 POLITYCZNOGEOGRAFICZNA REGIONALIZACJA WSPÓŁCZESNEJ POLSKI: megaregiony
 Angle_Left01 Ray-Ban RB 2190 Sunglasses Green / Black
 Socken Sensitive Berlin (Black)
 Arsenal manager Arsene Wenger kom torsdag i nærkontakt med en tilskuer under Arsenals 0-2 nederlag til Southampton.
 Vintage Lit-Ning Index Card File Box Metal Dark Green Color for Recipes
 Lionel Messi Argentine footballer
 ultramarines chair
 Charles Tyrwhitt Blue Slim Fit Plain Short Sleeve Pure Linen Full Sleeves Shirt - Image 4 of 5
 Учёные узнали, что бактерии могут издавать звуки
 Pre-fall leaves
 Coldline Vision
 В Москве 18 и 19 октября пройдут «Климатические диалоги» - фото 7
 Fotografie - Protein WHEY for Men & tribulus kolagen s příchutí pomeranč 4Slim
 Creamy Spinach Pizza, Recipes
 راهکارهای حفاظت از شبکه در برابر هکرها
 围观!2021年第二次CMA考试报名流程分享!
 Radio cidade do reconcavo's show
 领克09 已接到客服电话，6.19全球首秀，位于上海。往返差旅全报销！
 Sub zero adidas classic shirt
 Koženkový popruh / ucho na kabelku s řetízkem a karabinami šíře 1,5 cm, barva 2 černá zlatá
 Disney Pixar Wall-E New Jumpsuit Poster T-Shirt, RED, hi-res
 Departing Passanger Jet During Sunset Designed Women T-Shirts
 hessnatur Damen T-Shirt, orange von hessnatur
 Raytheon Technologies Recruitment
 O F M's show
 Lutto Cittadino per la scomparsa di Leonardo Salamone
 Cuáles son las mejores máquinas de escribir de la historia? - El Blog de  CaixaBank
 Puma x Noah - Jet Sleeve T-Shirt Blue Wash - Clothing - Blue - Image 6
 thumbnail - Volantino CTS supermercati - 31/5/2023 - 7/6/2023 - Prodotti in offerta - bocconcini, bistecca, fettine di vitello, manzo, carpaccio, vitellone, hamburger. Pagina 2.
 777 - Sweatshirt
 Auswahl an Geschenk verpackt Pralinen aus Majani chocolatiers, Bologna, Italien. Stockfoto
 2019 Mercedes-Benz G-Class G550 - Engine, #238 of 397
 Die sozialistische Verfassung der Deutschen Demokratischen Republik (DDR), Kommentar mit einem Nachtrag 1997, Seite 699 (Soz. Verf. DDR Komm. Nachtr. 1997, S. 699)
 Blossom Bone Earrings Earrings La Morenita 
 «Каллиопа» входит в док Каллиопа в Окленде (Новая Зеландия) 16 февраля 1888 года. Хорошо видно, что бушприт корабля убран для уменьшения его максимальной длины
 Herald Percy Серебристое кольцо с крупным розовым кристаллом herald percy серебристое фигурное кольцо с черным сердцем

====

# [WORK INSTRUCTION]
Your answer must be the lines from the one that contains "ultramarines chair" through the last line of the entries above, copied exactly, with no other lines.

# [RESPONSE BELOW]
 ultramarines chair
 Charles Tyrwhitt Blue Slim Fit Plain Short Sleeve Pure Linen Full Sleeves Shirt - Image 4 of 5
 Учёные узнали, что бактерии могут издавать звуки
 Pre-fall leaves
 Coldline Vision
 В Москве 18 и 19 октября пройдут «Климатические диалоги» - фото 7
 Fotografie - Protein WHEY for Men & tribulus kolagen s příchutí pomeranč 4Slim
 Creamy Spinach Pizza, Recipes
 راهکارهای حفاظت از شبکه در برابر هکرها
 围观!2021年第二次CMA考试报名流程分享!
 Radio cidade do reconcavo's show
 领克09 已接到客服电话，6.19全球首秀，位于上海。往返差旅全报销！
 Sub zero adidas classic shirt
 Koženkový popruh / ucho na kabelku s řetízkem a karabinami šíře 1,5 cm, barva 2 černá zlatá
 Disney Pixar Wall-E New Jumpsuit Poster T-Shirt, RED, hi-res
 Departing Passanger Jet During Sunset Designed Women T-Shirts
 hessnatur Damen T-Shirt, orange von hessnatur
 Raytheon Technologies Recruitment
 O F M's show
 Lutto Cittadino per la scomparsa di Leonardo Salamone
 Cuáles son las mejores máquinas de escribir de la historia? - El Blog de  CaixaBank
 Puma x Noah - Jet Sleeve T-Shirt Blue Wash - Clothing - Blue - Image 6
 thumbnail - Volantino CTS supermercati - 31/5/2023 - 7/6/2023 - Prodotti in offerta - bocconcini, bistecca, fettine di vitello, manzo, carpaccio, vitellone, hamburger. Pagina 2.
 777 - Sweatshirt
 Auswahl an Geschenk verpackt Pralinen aus Majani chocolatiers, Bologna, Italien. Stockfoto
 2019 Mercedes-Benz G-Class G550 - Engine, #238 of 397
 Die sozialistische Verfassung der Deutschen Demokratischen Republik (DDR), Kommentar mit einem Nachtrag 1997, Seite 699 (Soz. Verf. DDR Komm. Nachtr. 1997, S. 699)
 Blossom Bone Earrings Earrings La Morenita 
 «Каллиопа» входит в док Каллиопа в Окленде (Новая Зеландия) 16 февраля 1888 года. Хорошо видно, что бушприт корабля убран для уменьшения его максимальной длины
 Herald Percy Серебристое кольцо с крупным розовым кристаллом herald percy серебристое фигурное кольцо с черным сердцем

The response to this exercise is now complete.